Murielle Gaeremynck, une femme menue de 56 ans dont 20 comme éboueuse, énumère les chutes de la marche du camion, les tendinites à répétition des balayeurs ou, comme elle, des conducteurs de petits engins "aux suspensions pourries".

A la retraite, "je sais que je vivrai pauvre", avec une pension de 1.200 euros grand maximum, se désole-t-elle.

La CGT rappelle que les éboueurs et les conducteurs peuvent pour l'heure prétendre à la retraite à 57 ans sans bonification, un âge repoussé à 59 ans en cas d'adoption de la réforme.

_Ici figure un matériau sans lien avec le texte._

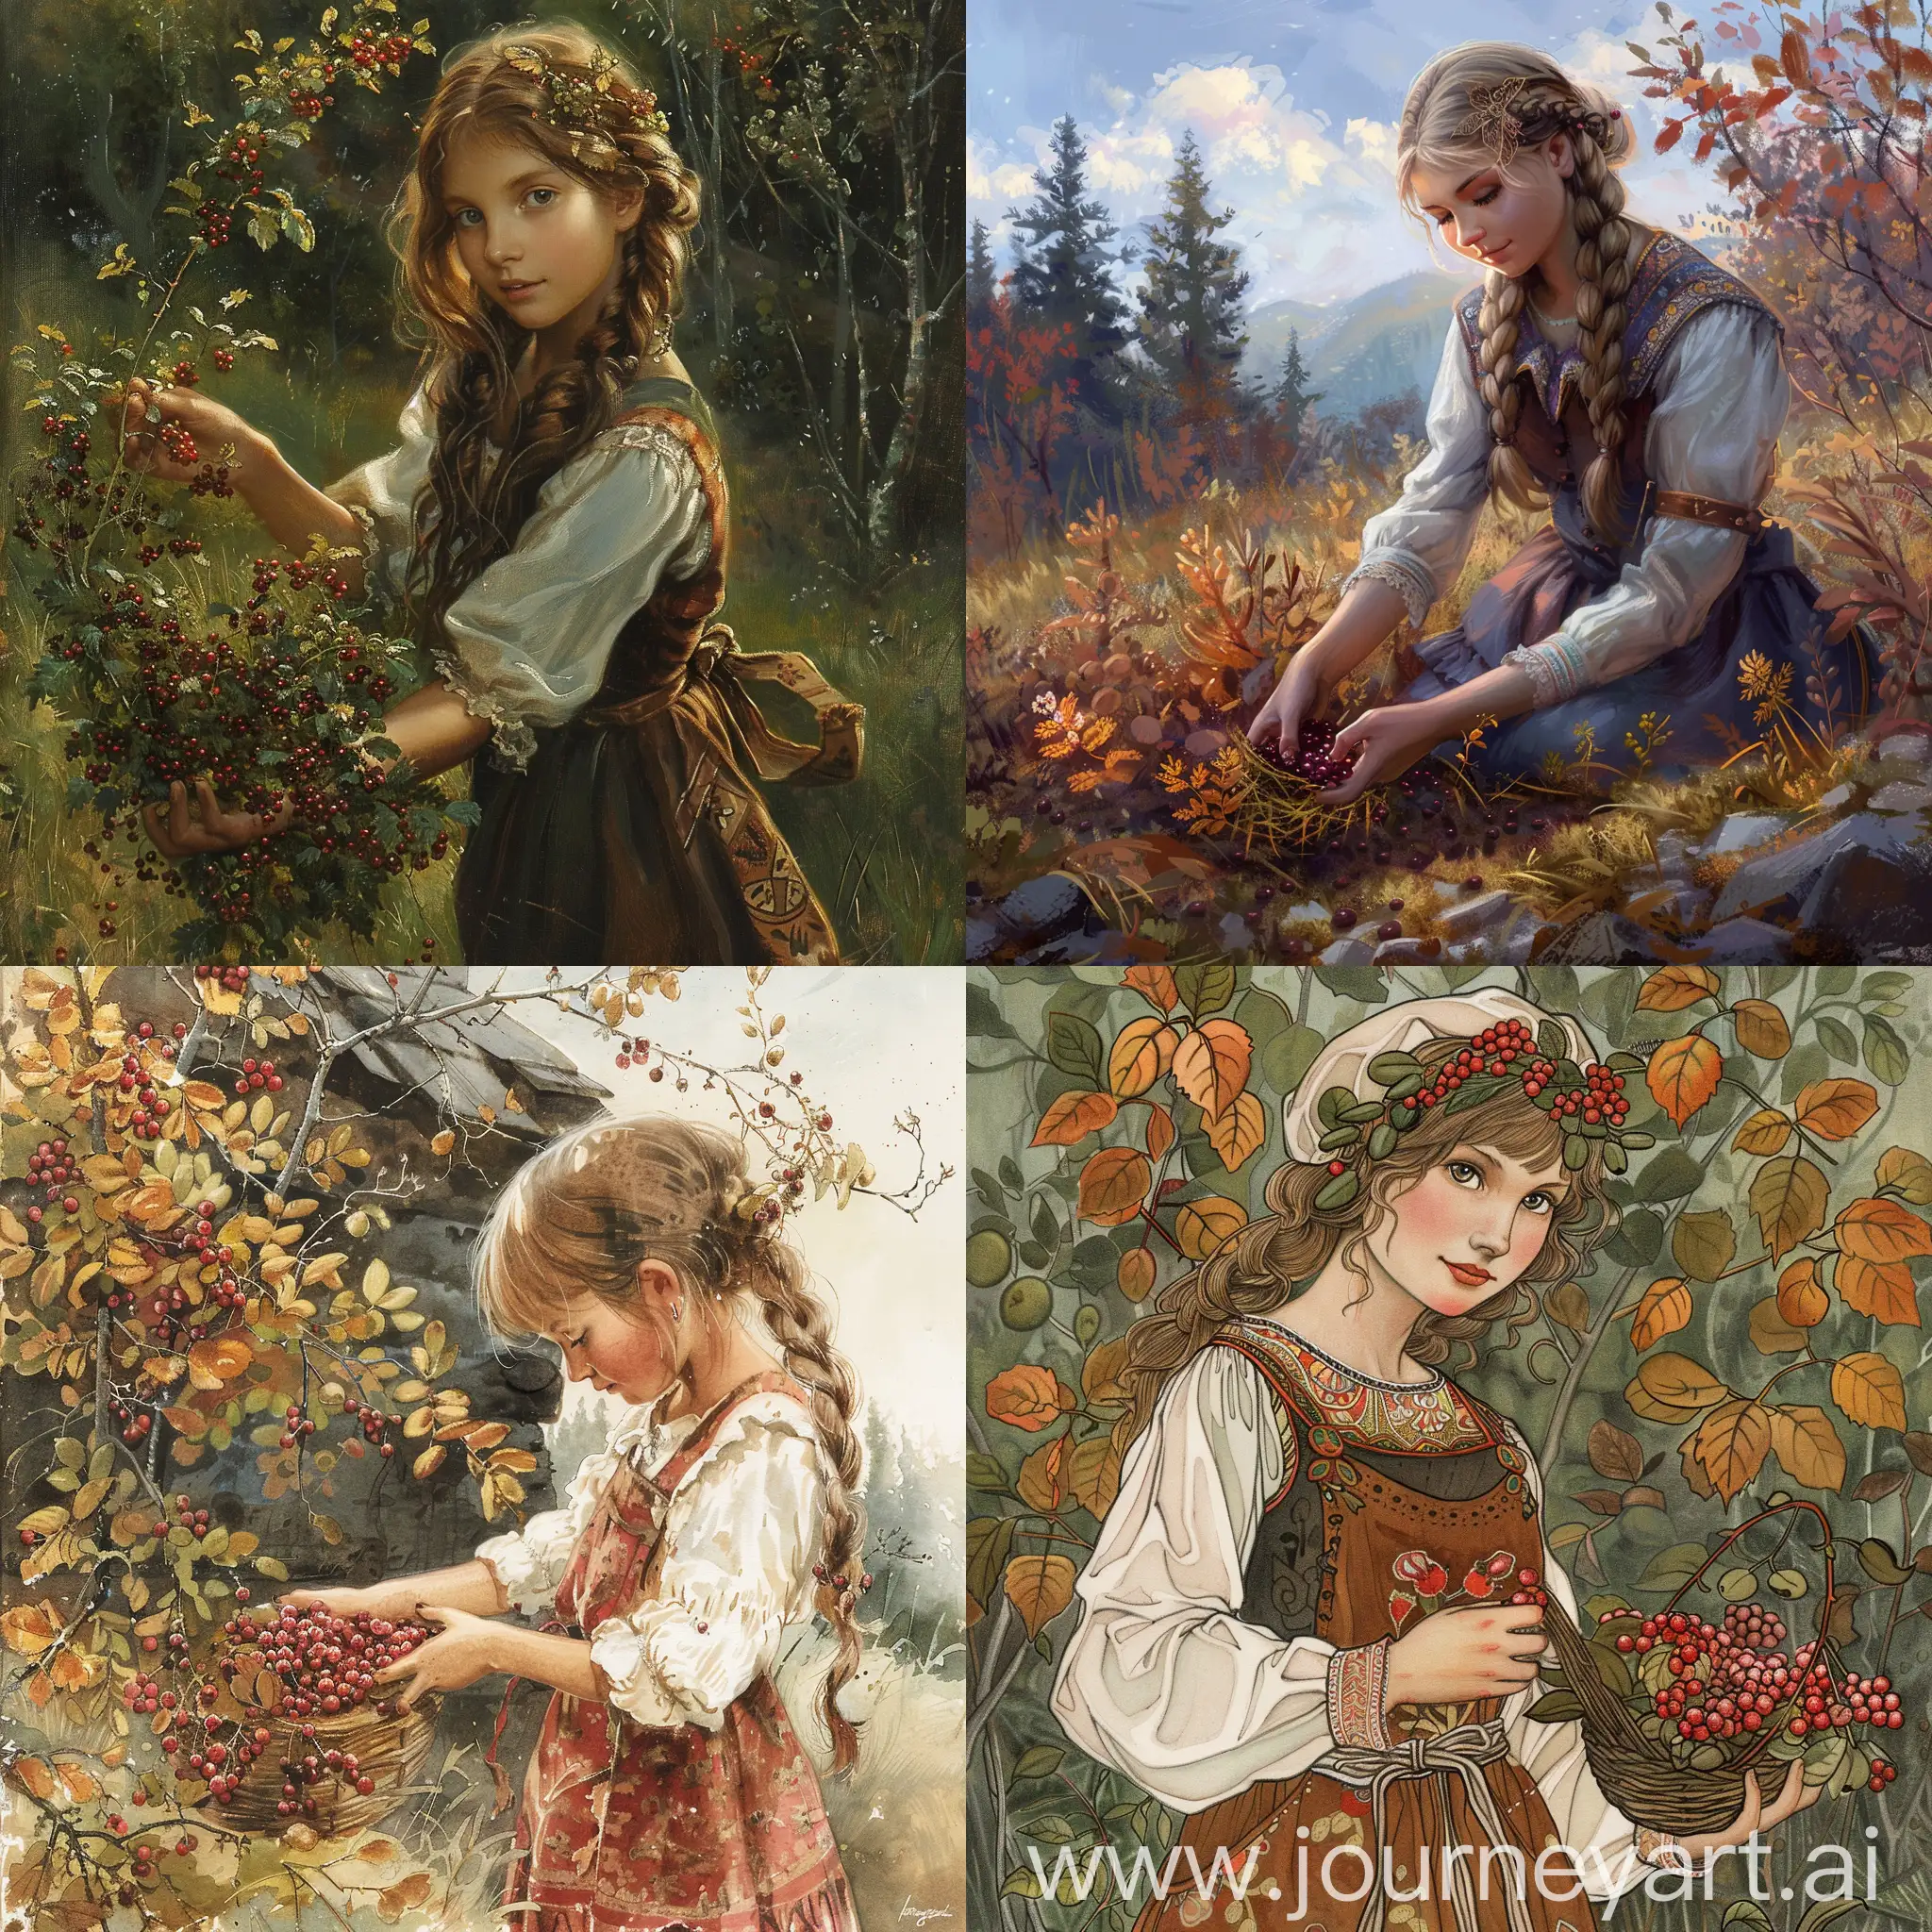 Beautiful-Girl-Collecting-Lingonberries-in-a-Forest

C'est aussi pour une revalorisation indiciaire que les éboueurs sont mobilisés, expliquent les grévistes sur place. Leur déroulement de carrière se négocie directement avec la mairie.

"Ils ont trouvé de l'argent pour nous envoyer en première ligne pendant le Covid, qu'ils nous disent pas aujourd'hui chez Hildago qu'ils n'ont pas d'argent", commente Nabil Latreche.

- Les agents réquisitionnés? -

La maire PS de Paris se retrouve dans une situation inconfortable, elle qui a décrété la mairie "solidaire avec le mouvement social".

"Ce n'est pas une situation totalement surprenante dès lors que la maire de Paris avait encouragé les agents à faire grève", a taclé sur France Inter le ministre des Comptes publics Gabriel Attal, citant les réquisitions d'agents parmi les mesures possibles à prendre.

L'opposante LR Rachida Dati réclame "la mise en place d'un service minimum pour le ramassage des ordures" et, dans l'immédiat, "de faire appel à des entreprises d'insertion".

Service minimum ou prestations, "c'est interdit sur le plan juridique", a répondu le premier adjoint (PS) Emmanuel Grégoire pour qui les réquisitions sont "une initiative et compétence légale qui relèvent de l'Etat".

Au ministre des Transports Clément Beaune qui pourfend un "énième exemple d'inaction et de mépris des Parisiens", Emmanuel Grégoire accuse le gouvernement d'une "très grossière instrumentalisation".

"C'est une situation nationale à laquelle d'autres villes sont confrontées", souligne le bras droit d'Anne Hidalgo en citant Nantes, Antibes, Saint-Brieuc ou ... Le Havre, ville d'Edouard Philippe, l'ancien Premier ministre d'Emmanuel Macron.